Will keep my gun powder dry until after another couple of rate rises next year. How anyone can think Australia doesn't have a two speed economy is beyond me. Just go talk to your local shopping centre small business people, and see if they are saying the same as Marius Kloppers and Tom Albanese.
Winston, You sure you not reading my mind …??? ….lol…….Have to say you impressed me with your last couple of posts…… clearly your finger is on the pulse in my opinion ….
I agree with timing, I agree with keeping gun powder dry so to speak but on the other hand, for me at least losing momentum isn’t an option….. Such is the speculative cycle.
Yes I am in Brisbane. The slow down seems to have been more pronounced and early here than Syd, Cbr, Mel. Be interesting to see how things unfold in the next few months nationally.
WW i agree with you that the Brisbane market is softening although for someone who owns a property or 2 in the City it doesnt really worry me. I owe very little in relation to my portfolio so a few interest rate rises doesnt mean a great deal.
Rents came off the boil about 12-18 months ago and i think if you were highly geared you would be in all sorts of trouble.
In saying all of this i am certainly seeing some excellent opportunities for development where developers / vendors are finding the pinch and offloading their sites at prices we saw 5-7 years ago.
I do agree however i think the opportunities will increase if you hang and wait your time with a few more rate increases.
Cheers
Yours in Finance
Richard Taylor | Australia's leading private lender
In saying all of this i am certainly seeing some excellent opportunities for development where developers / vendors are finding the pinch and offloading their sites at prices we saw 5-7 years ago ……. Looking to buy those … inner city…… keep us in the loop if you spot a bargain before or after a rate rise…………
I do agree however i think the opportunities will increase if you hang and wait your time with a few more rate increases.
Thanks Richard. Fast turnover will be the first thing we'll be looking at next year, maybe a quick corner lot boundary realignment and flick, uncomplicated by a slide. low risk low cost stuff. They seemed popular around Banyo, Zillmere, and Goodna over the last 18 mths.

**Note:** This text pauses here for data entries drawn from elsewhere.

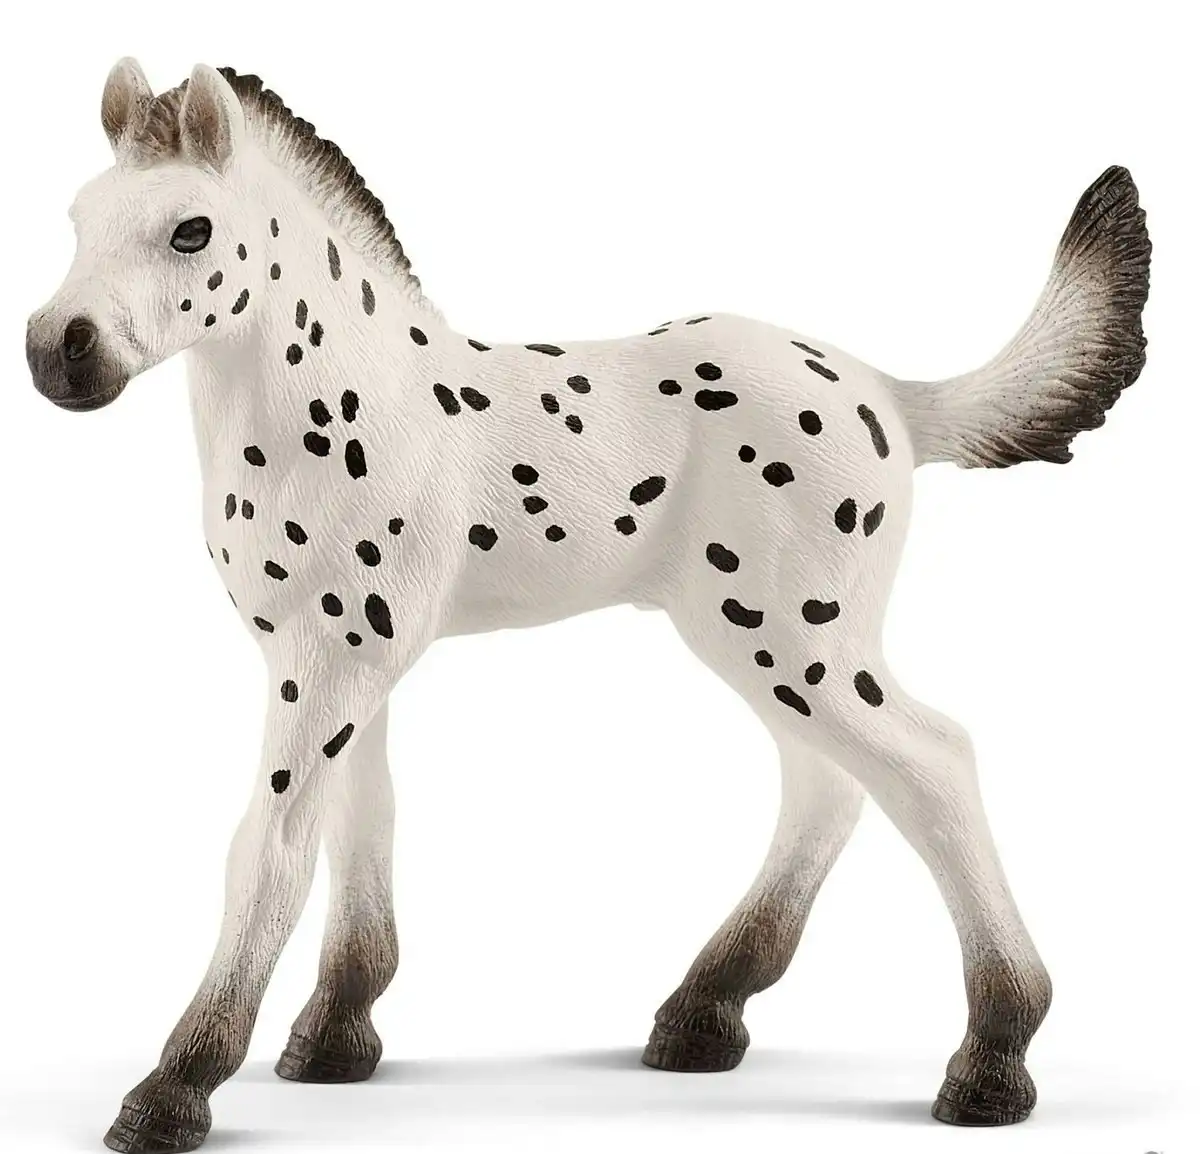 Schleich - Knapstrupper Foal Horse Figurine
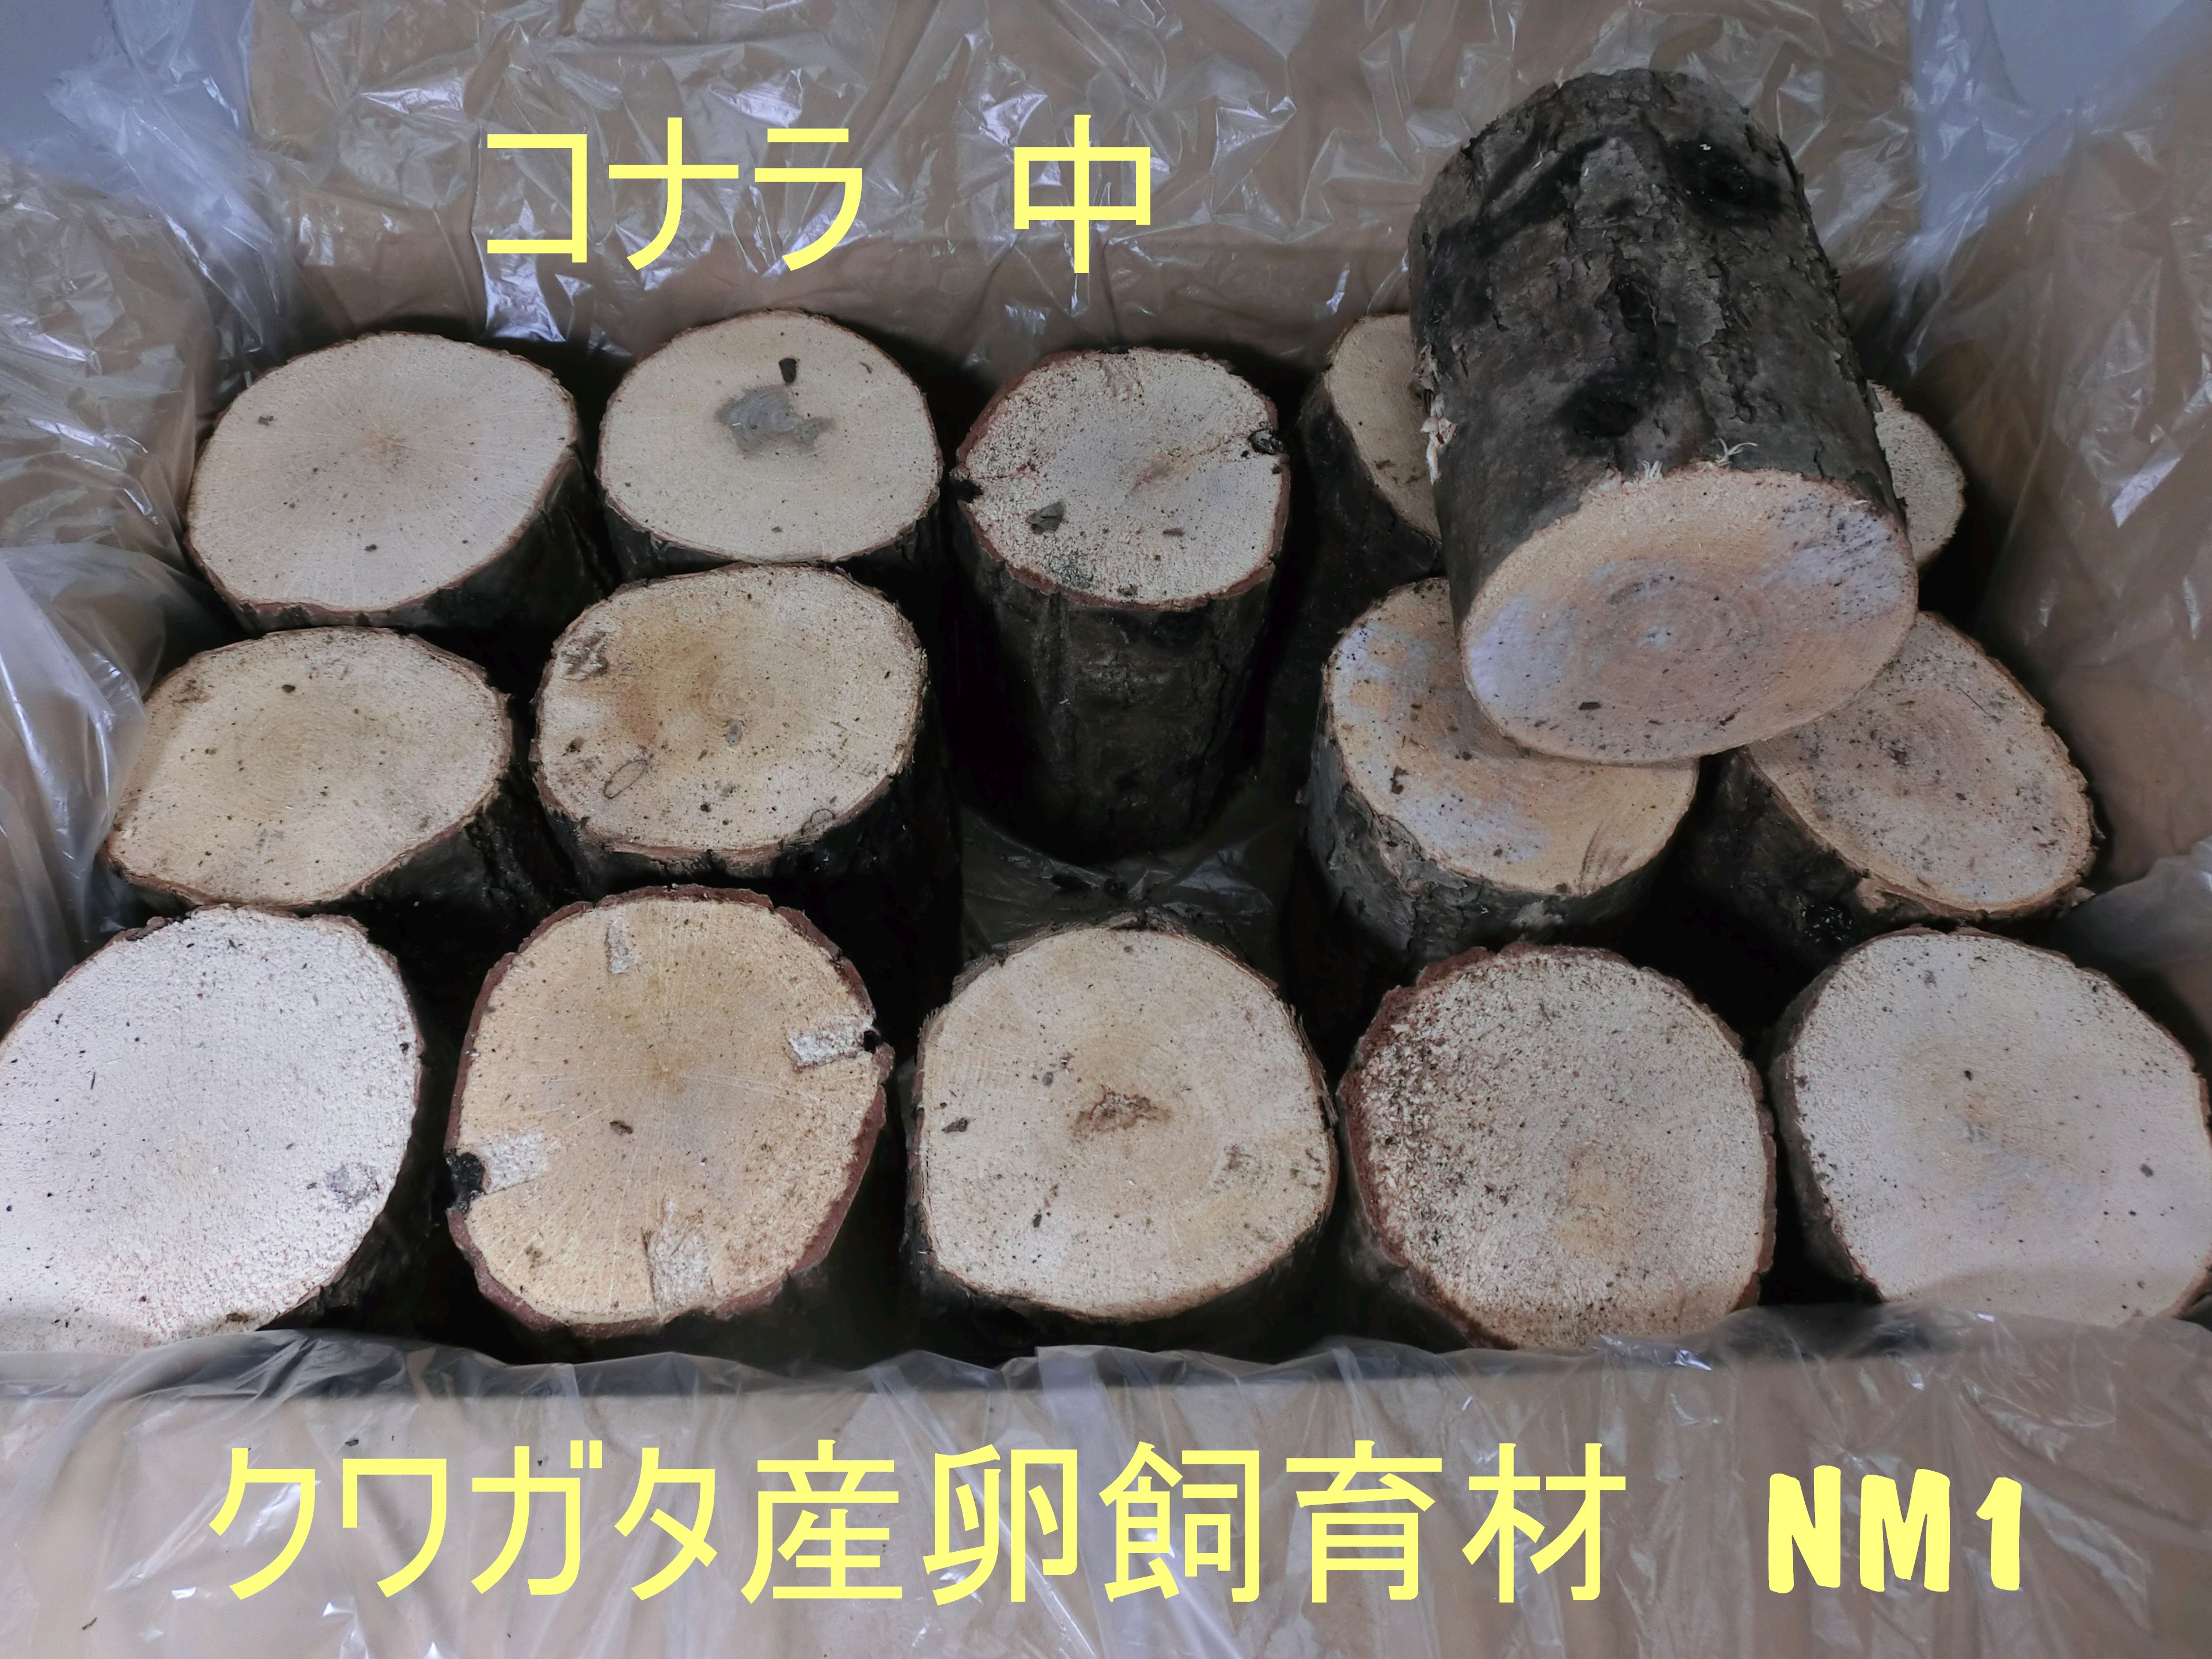 オオクワガタ産卵木NM1 コナラ中やや硬め 農薬不使用 国産原木使用 箱入り（14～17本で本数指定可能）長さ約14cm 太さ9～11cm
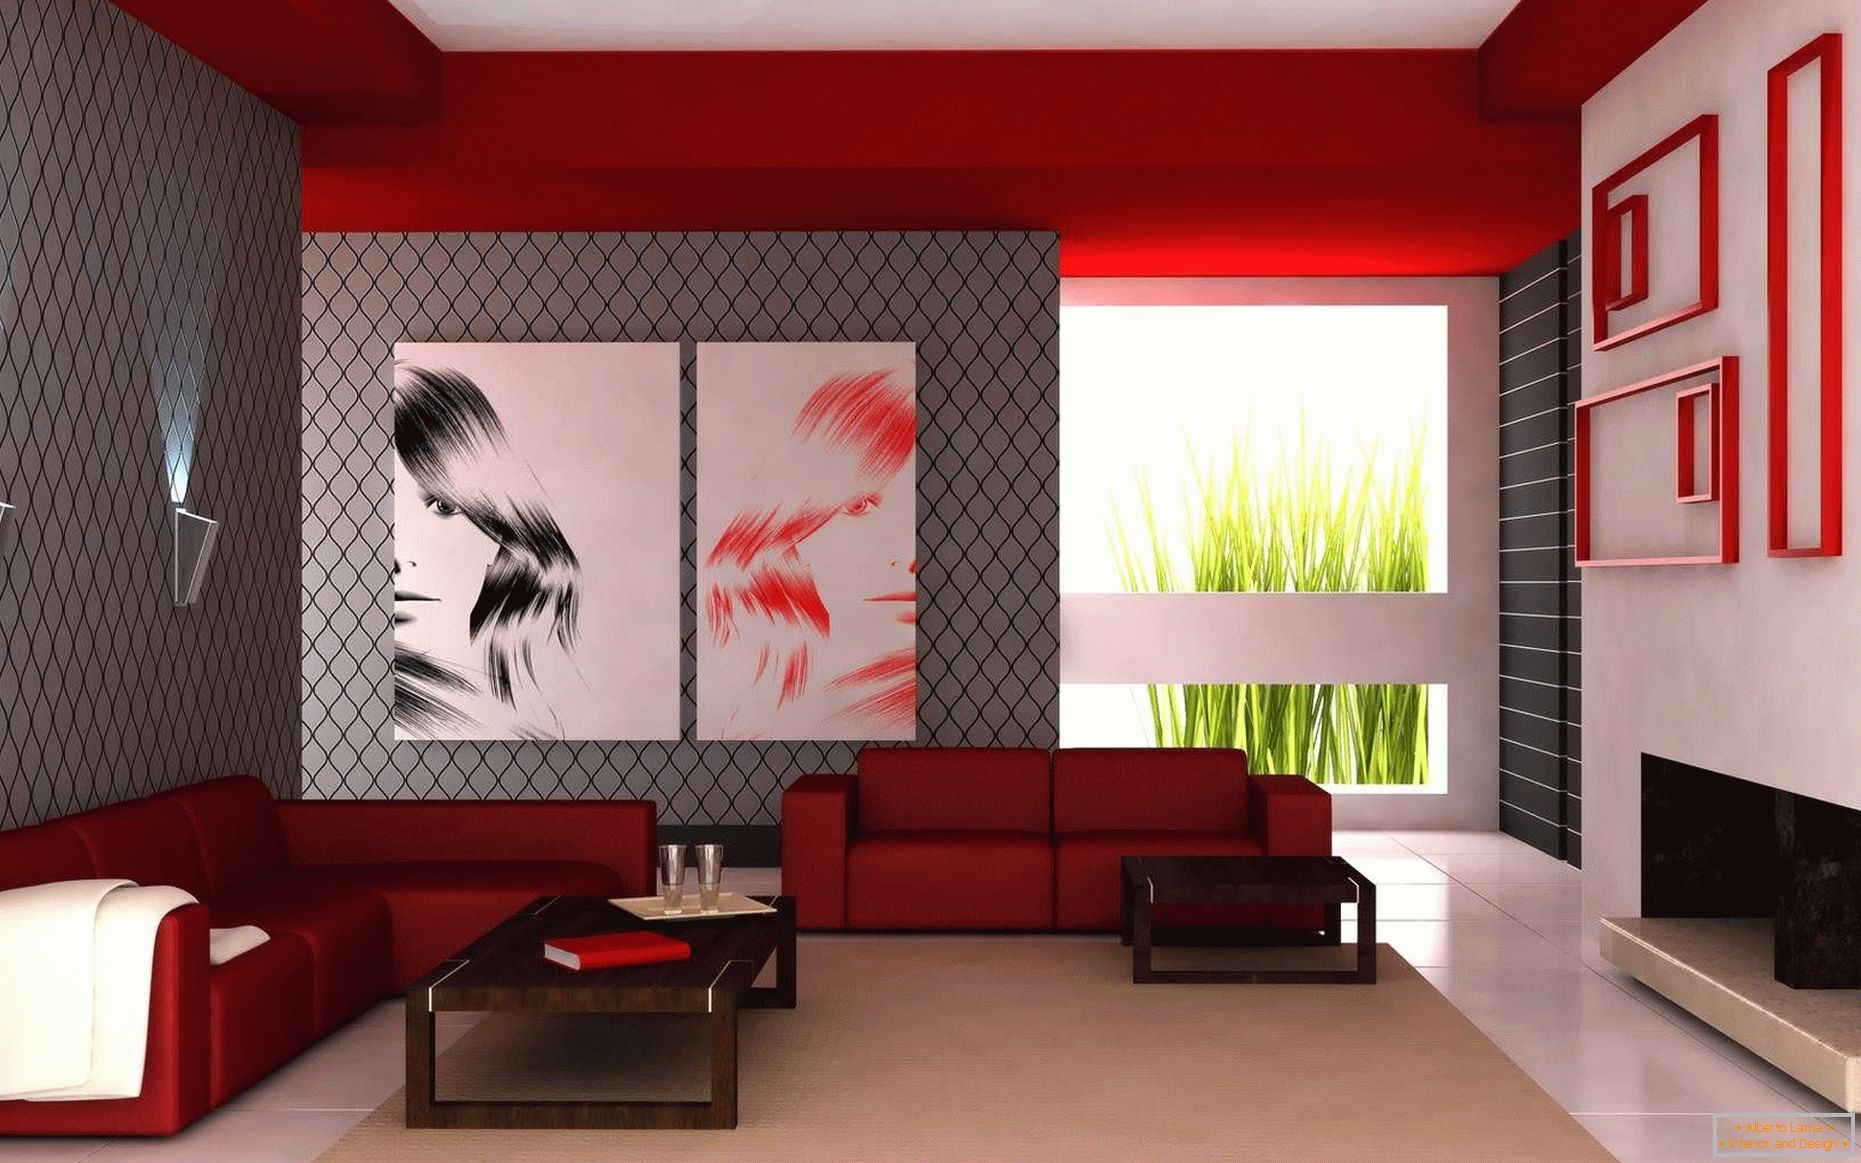 La combinación de colores blanco, rojo y gris en la sala de estar

I've noted more recently LMR sites were being churned by small developers in Moorooka and Salisbury, but bidding was pretty healthy at the three auctions I attended.
We may take an equity hit on two properties we've bought this year (Grange and Wavell Heights), and the PPR we have for sale now (Highvale) but appreciate the opportunities ahead, contrary to one too many dills on Somersoft who think anyone who recognises a market downturn is a doom and gloomer.
Two infrastructure projects that have to be taken seriously are the cross river rail and Petrie train extension to Mango Hill (?Redcliffe) Both should be accompanied by denser zoning in appropriate precincts.
Agree in the fast turnover approach WW need to keep the momentum going good times or bad otherwise we do nothing…. and experience tells us doing nothing produces nothing…
We focus on LMR sites and will be avoiding Moorooka next year .. feel a bit of a glut happening there…. we have a complex of 6 on the market there now…. and our builder is weeks away from finalizing 16 of this own around the corner from us and sales on both are relatively nonexistent .
As far as Cross River Rail goes… got a bit excited at first as have another property at Yeerongpilly (thought of density increase).. Then read all about it …link below
Agree in the fast turnover approach WW need to keep the momentum going good times or bad otherwise we do nothing…. and experience tells us doing nothing produces nothing… agree beedie……..and early birds get the worm….so always ear to the ground re infrastructure changes. a savvy active investor shouldn't see any surprises in City Plan 2012 by the time it comes out.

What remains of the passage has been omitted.